February 20 - April 6
First Friday Receptions: March 1 & April 5
Artist statement:
“My mixed media sculpture, video, and two-dimensional work uses humor to play with issues of power, and complicity. It highlights trade-offs of power—some willing, others coerced— suggesting a complicity that reveals our conflicted relationship to power. The work revels in a material frivolity fueled by kitsch material choices that belie the depth of content. With a wide range of influences from art to gender politics, I use humor to explore culture.

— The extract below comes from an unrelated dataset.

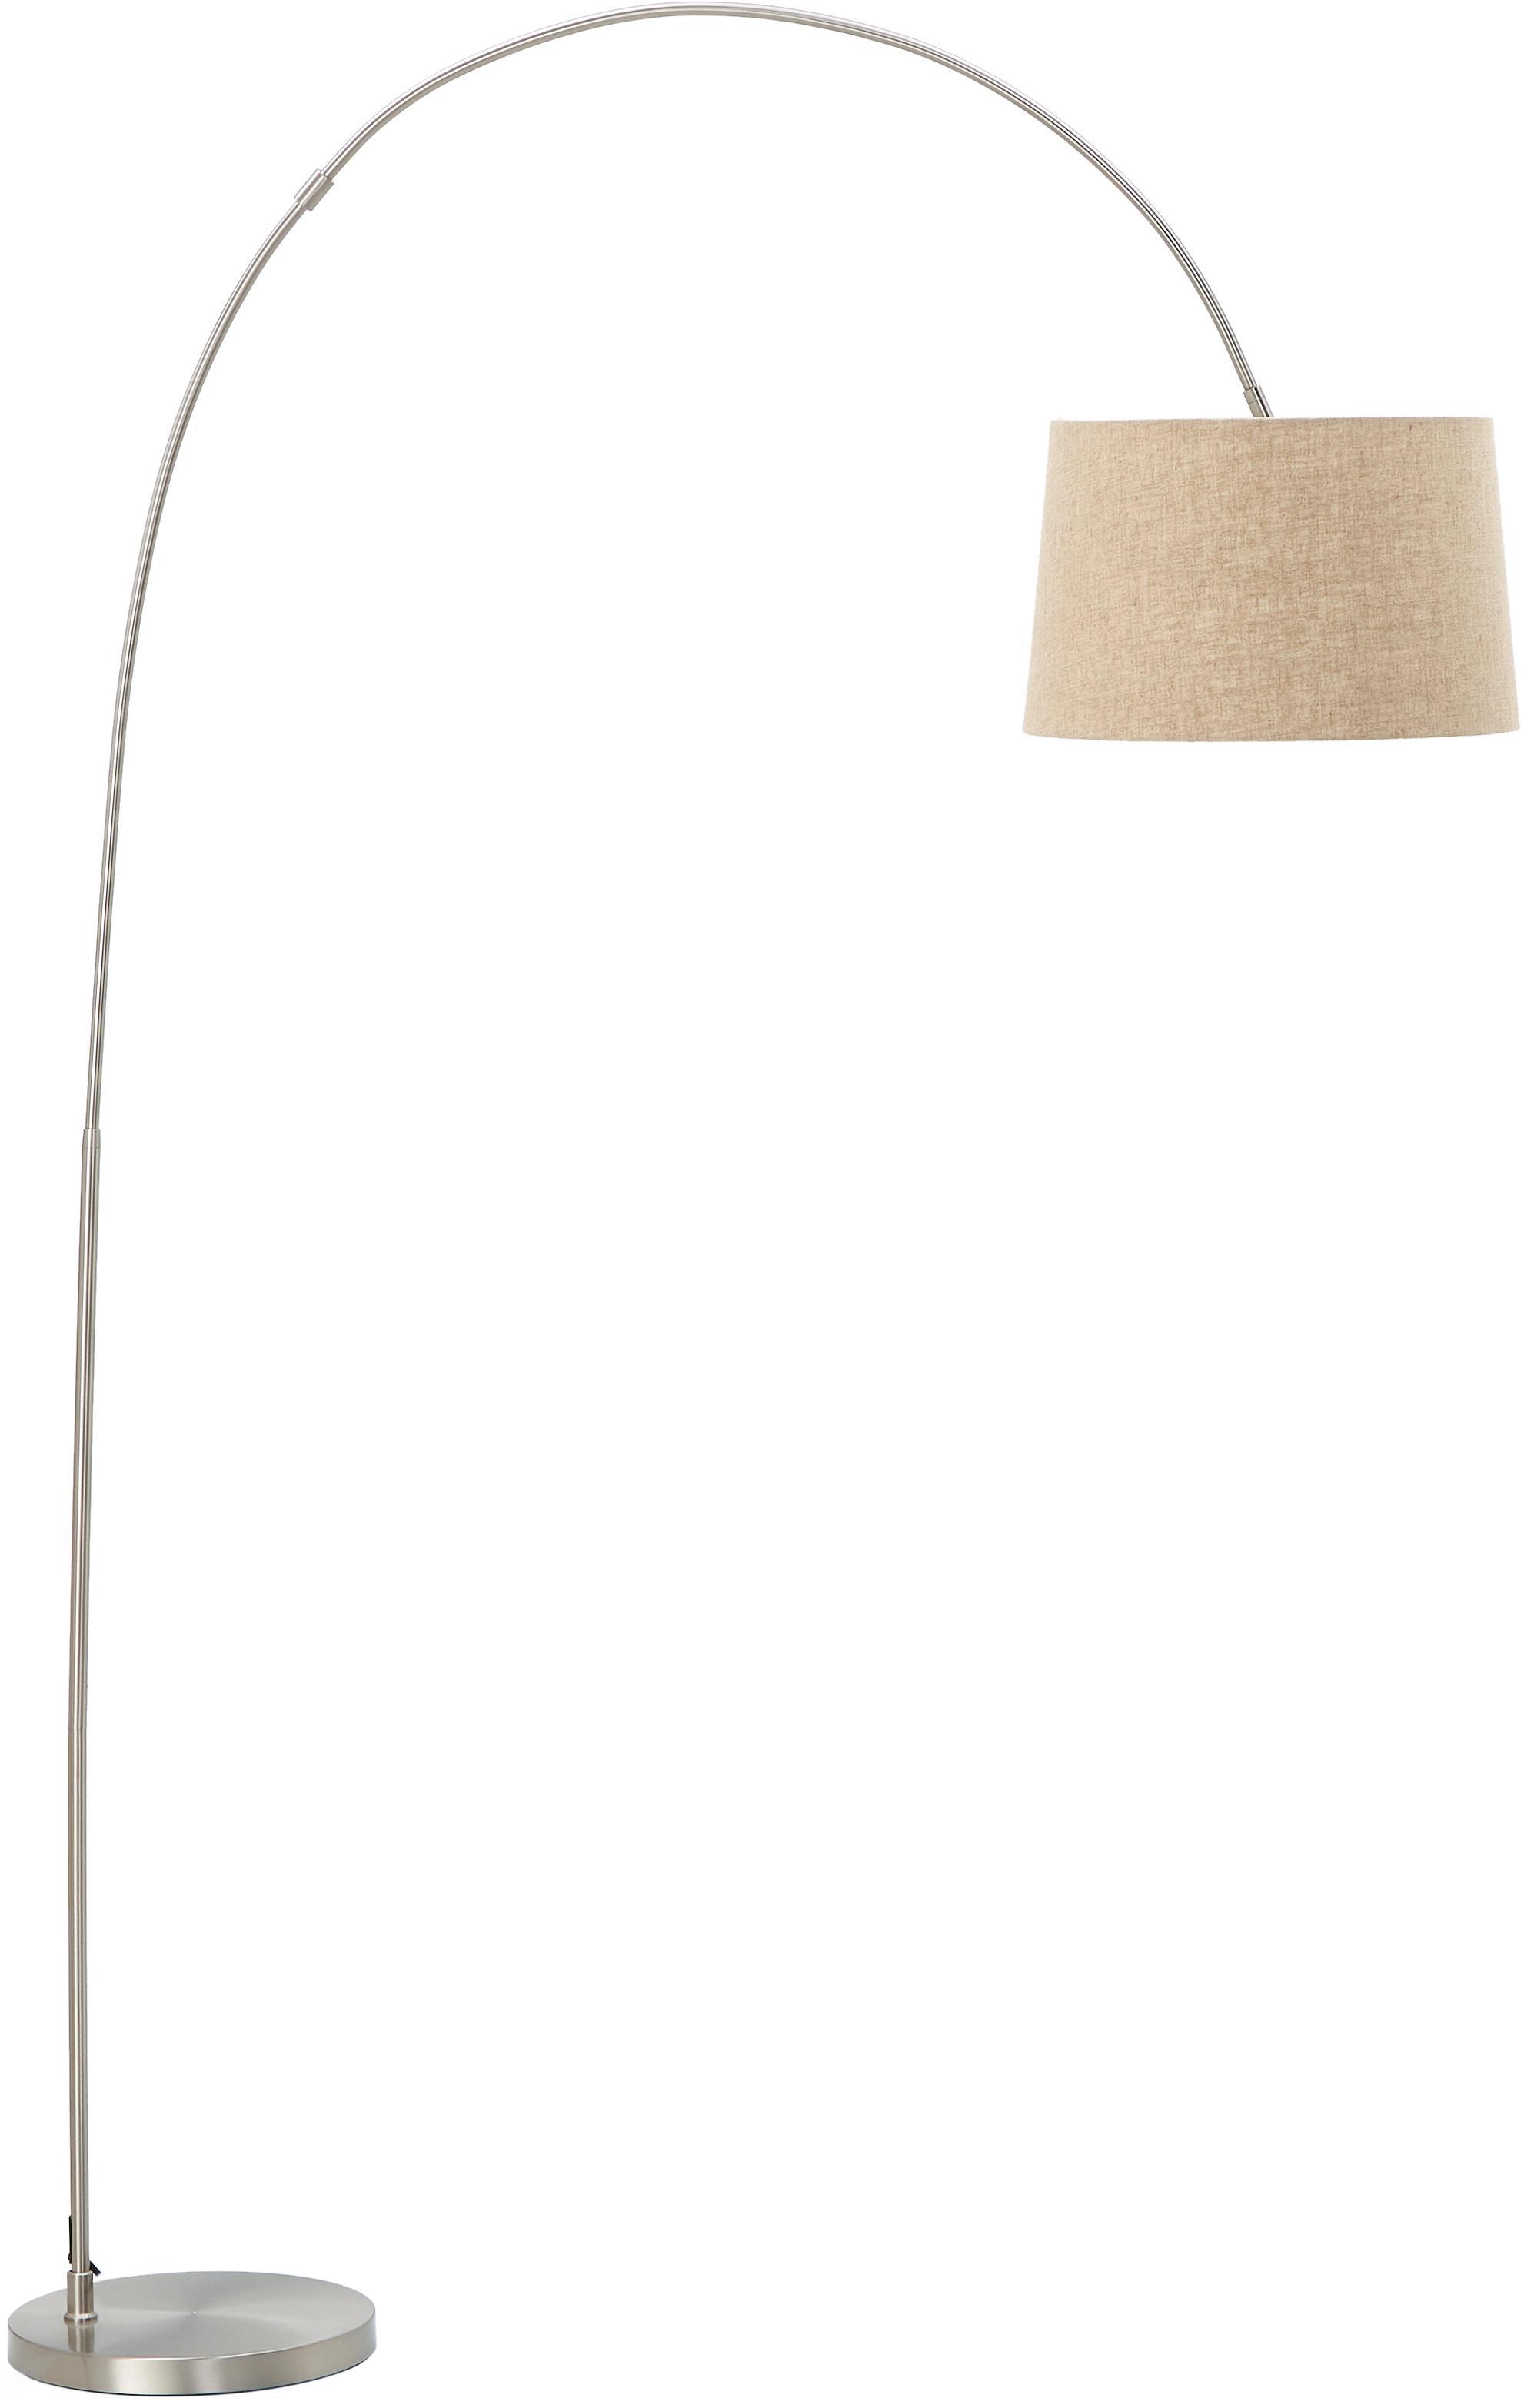 Bogenlampe Laurence, Lampenschirm: Baumwollgemisch, Lampenfuß: Metall, gebürstet, Beige,Silberfarben, ∅ 40 x H 188 cm

Formally, the work moves between two and three dimensions as it investigates the slippage between the real and the fictive. For example, a kitschy airbrushed portrait on a carved form orb confuses the dimensionality of Mike Kelley’s face in Portrait of an Artist as a Dead Man, while stickers of wood chips make a paper-mâché form appear to be carved from strandboard in Paradise Redux. My often-kitsch material choices indulge a self-conscious surface silliness that invites a multi-layered reading of my work. Carved foam, welded steel, airbrushed portraits, and latch-hook rugs are all worthy carriers of deeper meaning.”
About her Cube exhibit:
“For my Cube exhibit I have developed a project I began at the Wassaic Project in New York. The work included observing local goats in the creation of a video and emerged from a Fulbright Nehru grant period spent in India. While observing the goats in India, I was taken by the ability to rise above--quite literally. For Cube, I will create a multi-channel video and sculptural installation featuring footage of a piñata party I hosted for several goats in Wassaic. The party featured a goat-shaped piñata made entirely from vegetables and an Olympic medal style stand. The installation will feature a large-scale version of the stand, the sides of which will function as video screens, as the form itself acts as a monolith dedicated to achievement. The space surrounding it will be decorated with medallions and sculptures made of carnations. The carnation pieces conflate the tokens we get for winning with those we get in death. The carnations will be allowed to dry out and ultimately die through the exhibition, furthering the arc of the works experience.”